In the foothills of the Nilgiris, lies Mudumalai wildlife sanctuary. It is witnessing a spiralling struggle around India’s most debated environmental questions and its most popular animal: the tiger. There have been three bandhs and unprecedented protests by over 70,000 people, to revoke the illegal declaration of Mudumalai as a tiger reserve.
It looks familiar. Once again we seem to have a problem of ‘balancing’ livelihoods, ‘development’ and wildlife. But the problem in Mudumalai is simpler: a bureaucracy bent on retaining control over people and resources, desperate to block any accountability.
The conflict’s rooted in our forest management system. Over one-fifth of India’s land area and its resources are controlled by one government service: the state forest departments and their superiors in Delhi. The British created this system to take over and ‘scientifically’ manage forests for their timber interests, rather than allowing them to be ‘irresponsibly’ used by the ‘natives’. Over the years this system became ever more centralised. Today, a forest can be destroyed with just one clearance from Delhi, without informing or consulting anyone locally or elsewhere. More than five lakh hectares of forest were destroyed between 2001 and 2006 alone through such ‘diversion’, triggering massive protests and even violence.
Unsurprisingly, the bureaucracy guards its powers jealously. For instance, it claimed that the 2006 Forest Rights Act would destroy 60 per cent of India’s forests and lead to mass conflict. Two years later there’s no sign of either, even as forest officials try to undermine the Act’s correct implementation.
In Mudumalai and 35 other tiger reserves, the same logic is at work. After the Sariska disaster, the Wild Life (Protection) Act was amended, to provide for tiger reserves to be declared through an open, public process. Their core areas should be demarcated based on specific scientific evidence of negative impacts from tiger-human interaction. Relocation should be subject to recognising people’s rights and taking their consent.
But in December 2007, within 10 days, the Tiger Conservation Authority declared all existing and proposed tiger reserves to be ‘core areas’ from which people would be removed, based on a general survey on where tigers are located. Not a single legal requirement was complied with. When challenged, the Ministry said it had only ‘identified’ critical zones, not ‘notified’ them — a disingenuous distinction, as funds have already been allocated to move people out.

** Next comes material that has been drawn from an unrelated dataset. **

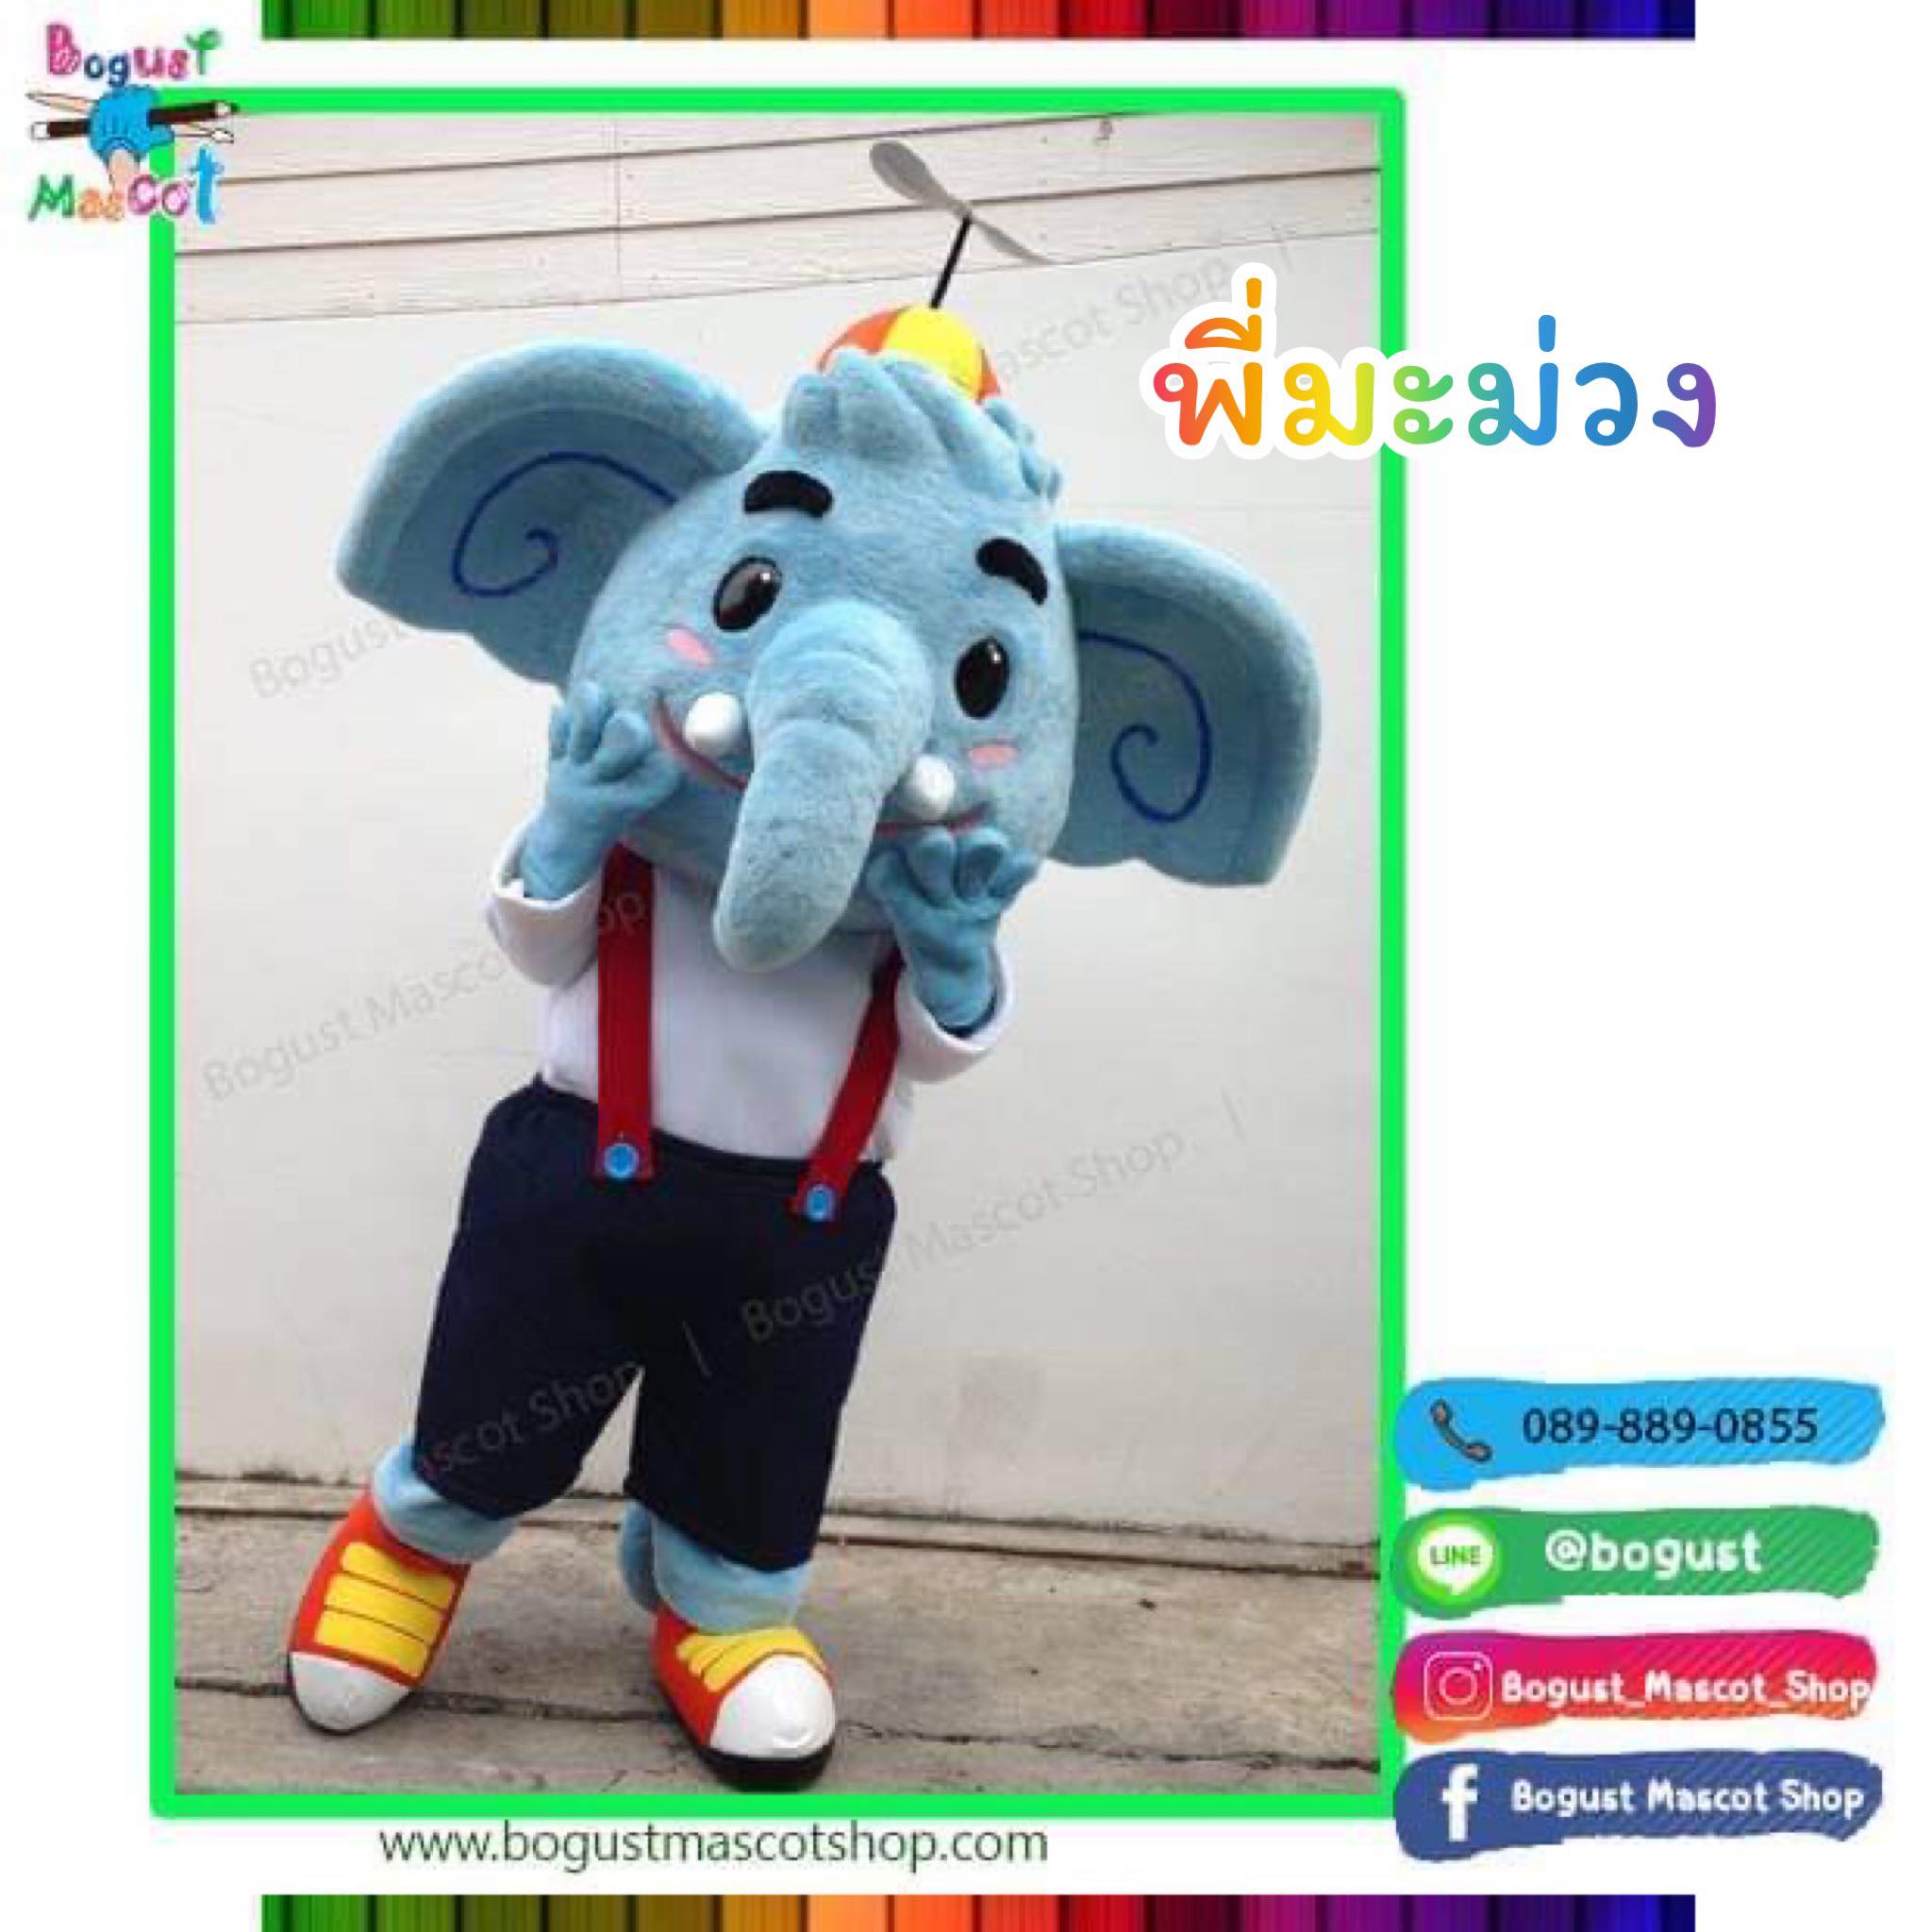 มาสคอต (Mascot) ---> ช้าง , พี่มะม่วง , น้องมะนาว
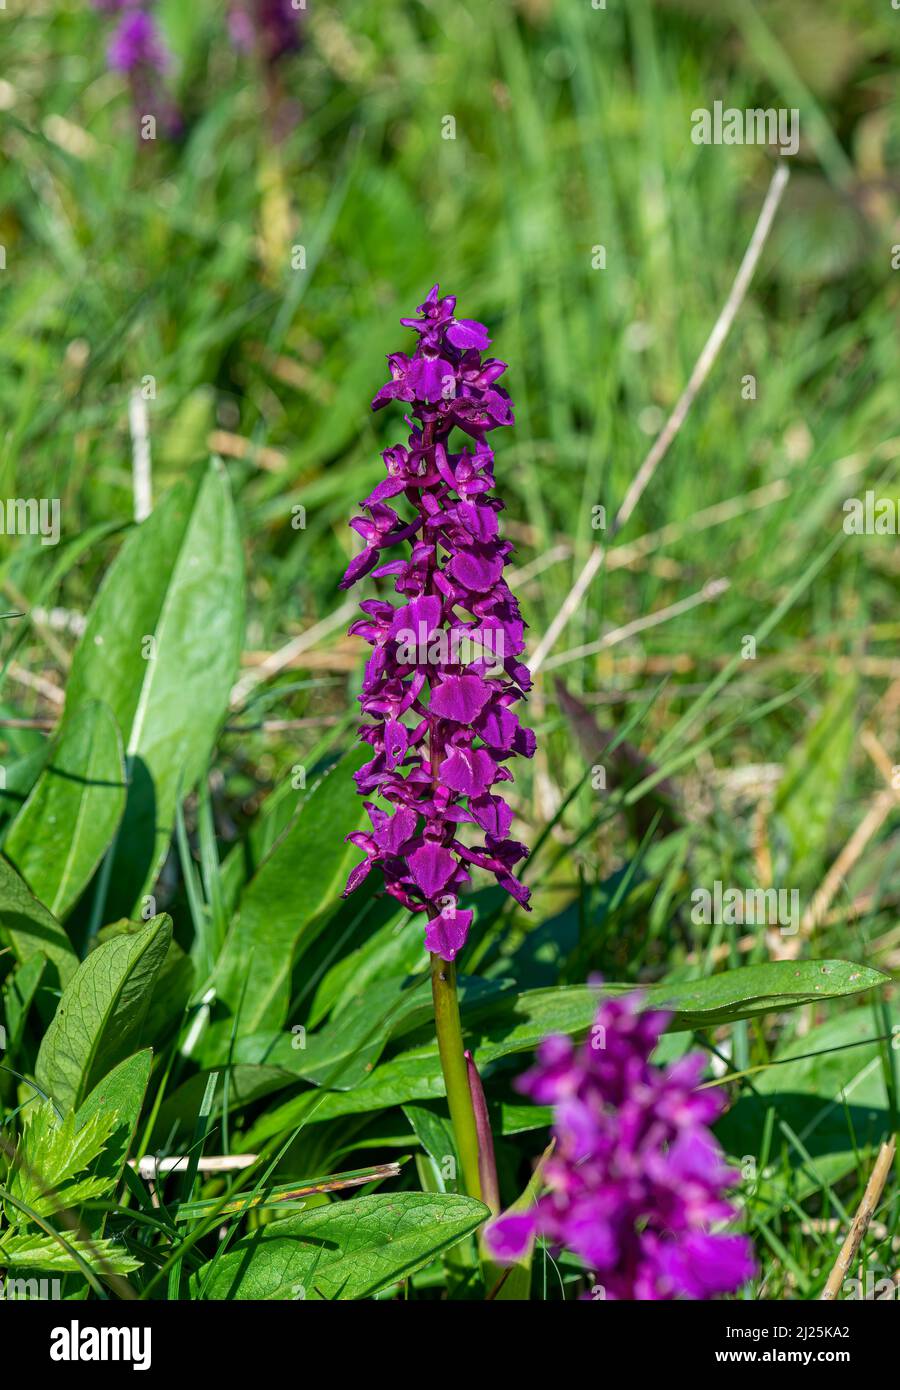 Orquídeas moradas tempranas, Cressbrook Dale, Peak District, Derbyshire, Reino Unido Foto de stock

In Mudumalai and elsewhere, the entire protected area has now been declared a ‘core zone’; and the wildlife division there has now proposed a new ‘buffer zone’ outside the sanctuary, covering 67 villages and two lakh people. All this was done without even informing the local residents, leave alone consulting them. The protesters’ public press statements say they support tiger conservation, but they demand that they should be part of deciding where and how the reserve is declared — which is their right.
Arbitrary and illegal decision-making only guarantees that conservation will fail. But, after all, this system is not about conservation; it’s about power. The new government must restrain the forest bureaucracy’s continued disregard for democracy, the environment and the law.
C.R. Bijoy is a Coimbatore-based researcher and activist.